CENTRAL EUROPEAN DISTRIBUTION CORPORATION

3.00% Convertible Senior Notes due 2013

This note is one of a duly authorized issue of notes of the Company designated as its “3.00% Convertible Senior Notes due 2013” (herein called the “Notes”) issued and to be issued under an Original Indenture and First Supplemental Indenture, each dated as of March 7, 2008, between the Company and The Bank of New York, as Trustee (herein called the “Trustee,” which term includes any successor trustee under the Indenture; and the Original Indenture and First Supplemental Indenture are collectively referred to herein as the “Indenture”), to which Indenture and all indentures supplemental thereto reference is hereby made for a statement of the respective rights, limitations of rights, duties and immunities thereunder of the Company, the Trustee and the Holders of the Notes and of the terms upon which the Notes are, and are to be, authenticated and delivered. As provided in the Indenture and subject to certain limitations therein set forth, the Notes are exchangeable for a like aggregate principal amount of Notes of any authorized denominations as requested by the Holder surrendering the same upon surrender of the Note or Notes to be exchanged, at the office of the Registrar. The Registrar upon such surrender by the Holder shall issue the new Notes in the requested denominations.

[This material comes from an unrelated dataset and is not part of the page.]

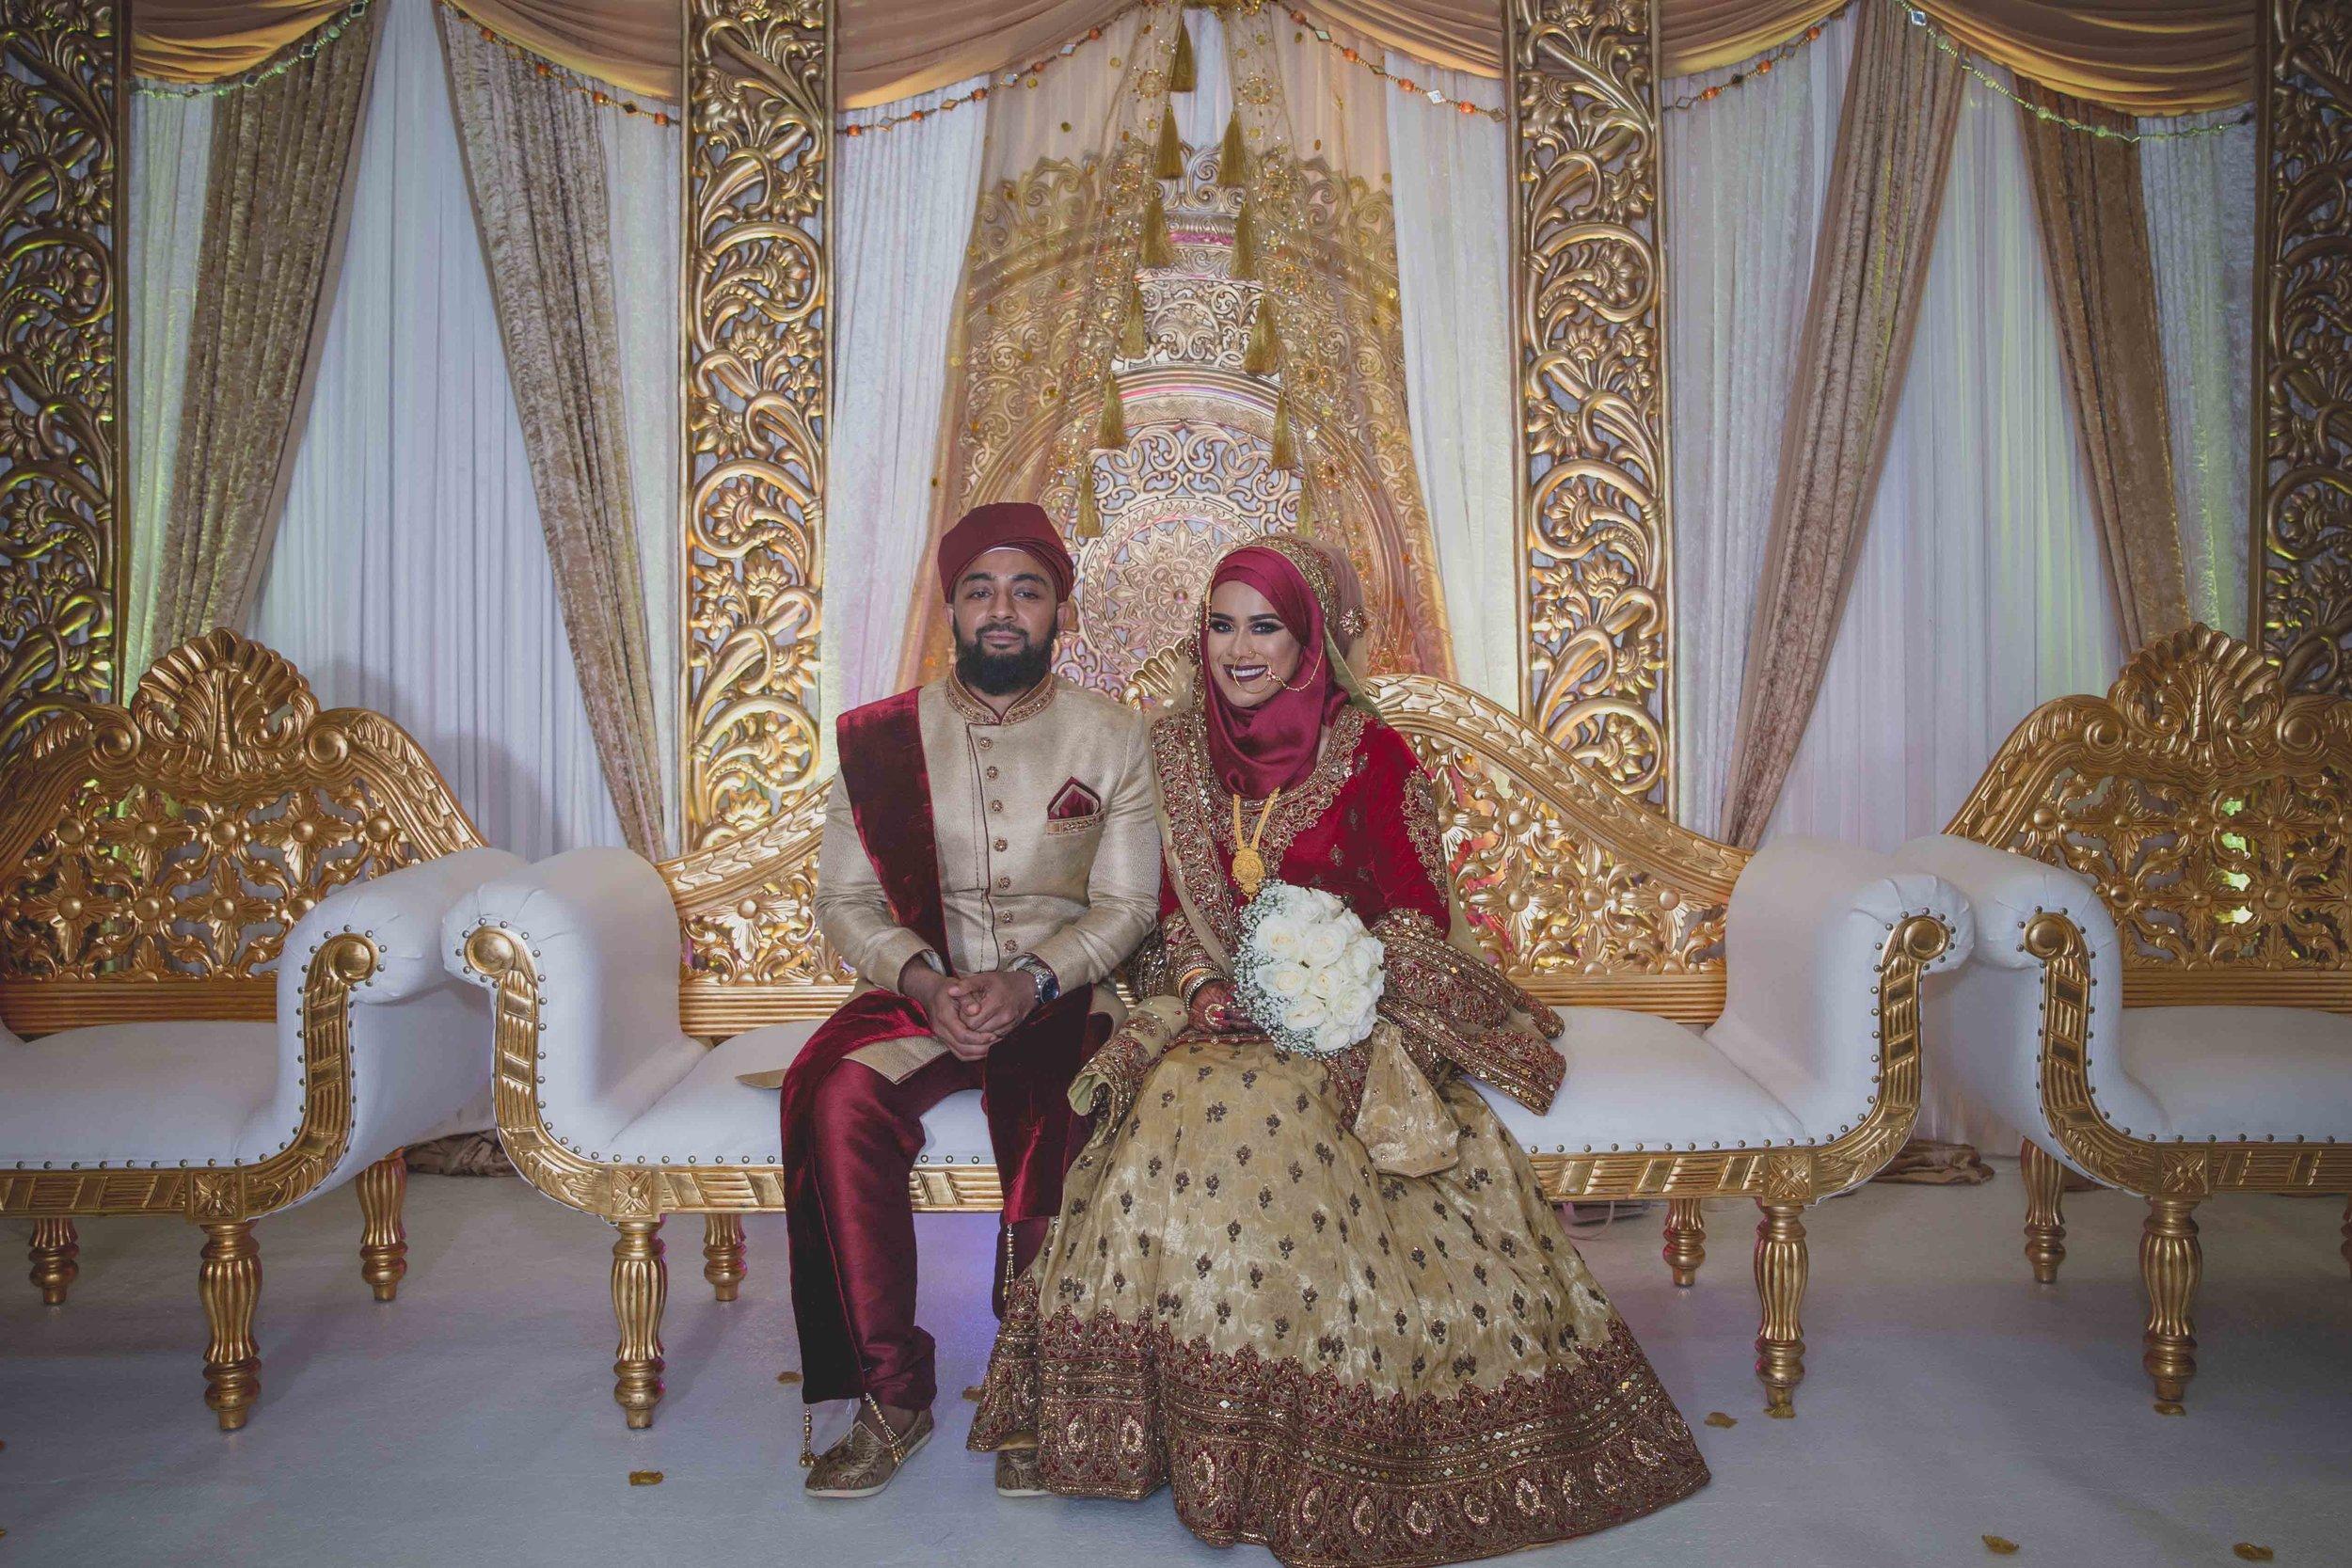 Female-wedding-photographer-bristol-mercure-bristol-grand-hotel-natalia-smith-photography-20.jpg

No sinking fund is provided for the Notes, and the Notes are not subject to redemption at the option of the Company.

The Indenture contains provisions permitting the Company and the Trustee in certain circumstances, without the consent of the Holders of the Notes, and in other circumstances, with the consent of the Holders of not less than a majority in aggregate principal amount of the Notes at the time outstanding, evidenced as in the Indenture provided, to execute supplemental indentures adding any provisions to or changing in any manner or eliminating any of the provisions of the Indenture or of any supplemental indenture or modifying in any manner the rights of the Holders of the Notes; provided, however, that no such supplemental indenture shall make any of the changes which, pursuant to Section 8.02 of the First Supplemental Indenture, cannot be made without the consent of each Holder of an outstanding Note affected thereby. It is also provided in the Indenture that, prior to any declaration accelerating the maturity of the Notes, the Holders of a majority in aggregate principal amount of the Notes at the time outstanding may on behalf of the Holders of all of the Notes waive any past Default or Event of Default under the Indenture and its consequences except as provided in the Indenture. Any such consent or waiver by the Holder of this Note (unless revoked as provided in the Indenture) shall be conclusive and binding upon such Holder and upon all future holders and owners of this Note and any Notes which may be issued in exchange or substitution hereof, irrespective of whether or not any notation thereof is made upon this Note or such other Notes.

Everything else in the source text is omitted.